ACTIVITY » Take the listing below and write it out again exactly, skipping any picture that it holds.

SUPPLIED INFORMATION »

++++++++

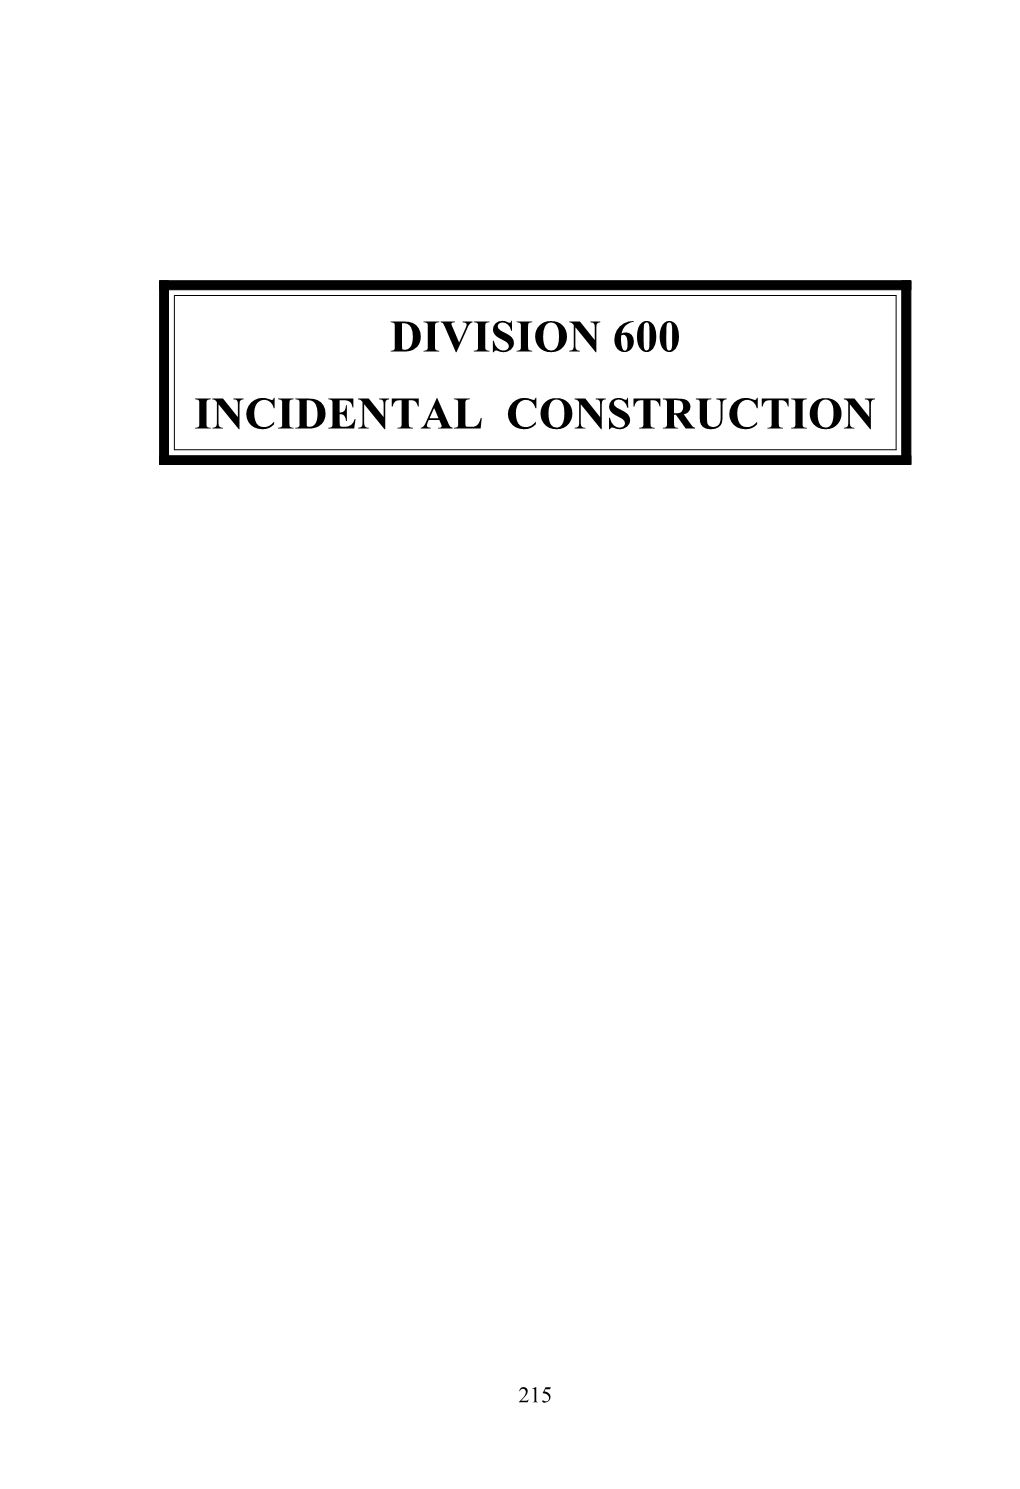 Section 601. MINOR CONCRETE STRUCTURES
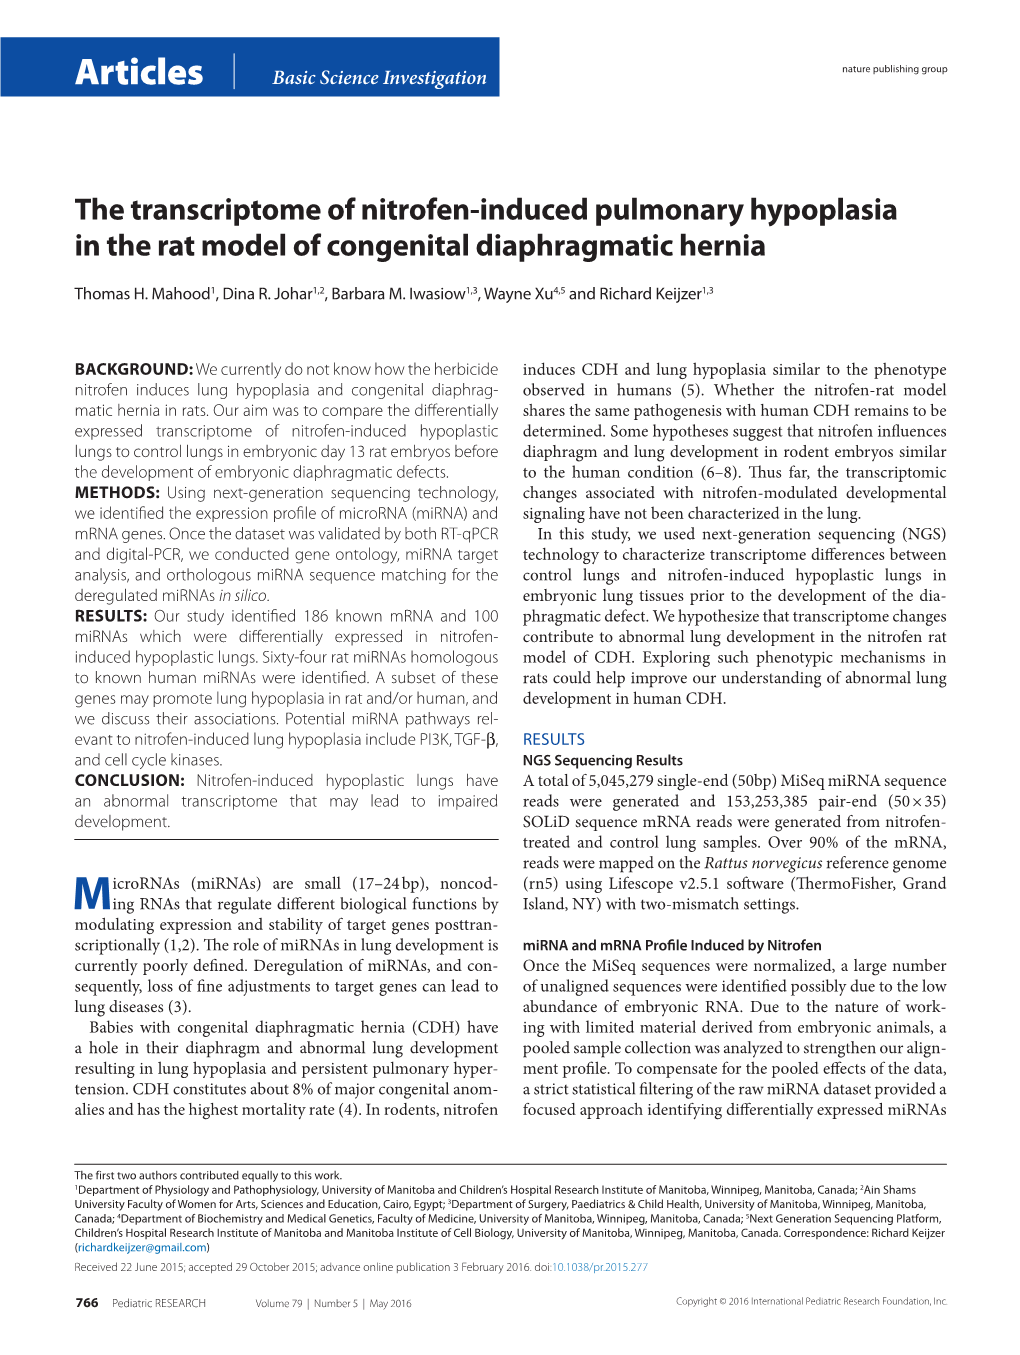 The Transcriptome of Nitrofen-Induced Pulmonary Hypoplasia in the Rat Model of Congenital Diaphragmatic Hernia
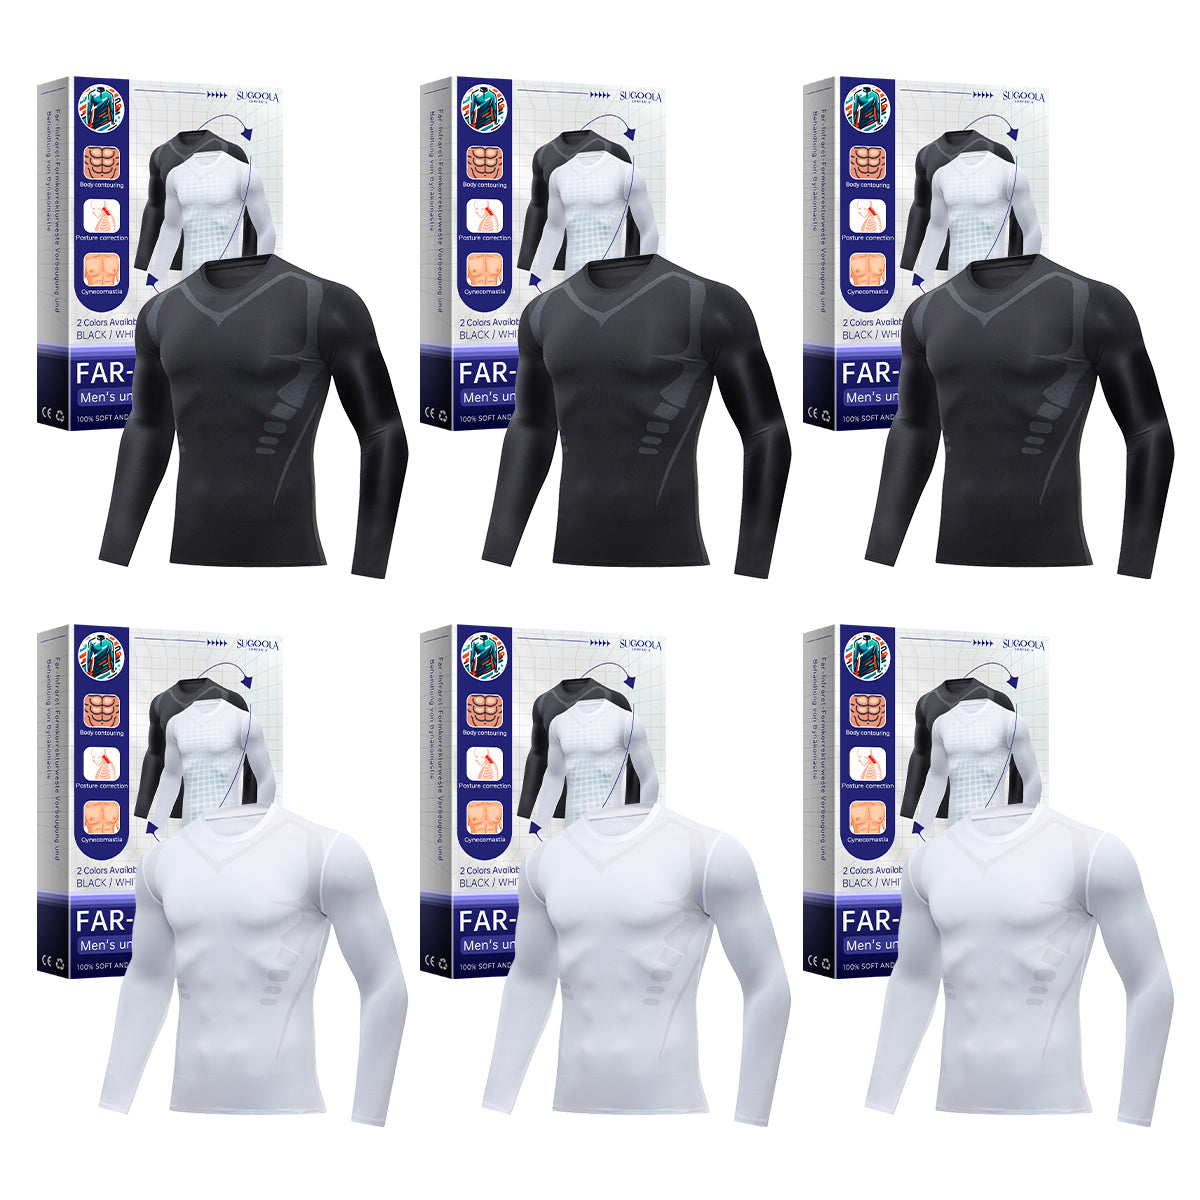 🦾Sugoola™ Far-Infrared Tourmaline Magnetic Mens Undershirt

++++++++

RESULT »
 Section 601. MINOR CONCRETE STRUCTURES
 The Transcriptome of Nitrofen-Induced Pulmonary Hypoplasia in the Rat Model of Congenital Diaphragmatic Hernia
 🦾Sugoola™ Far-Infrared Tourmaline Magnetic Mens Undershirt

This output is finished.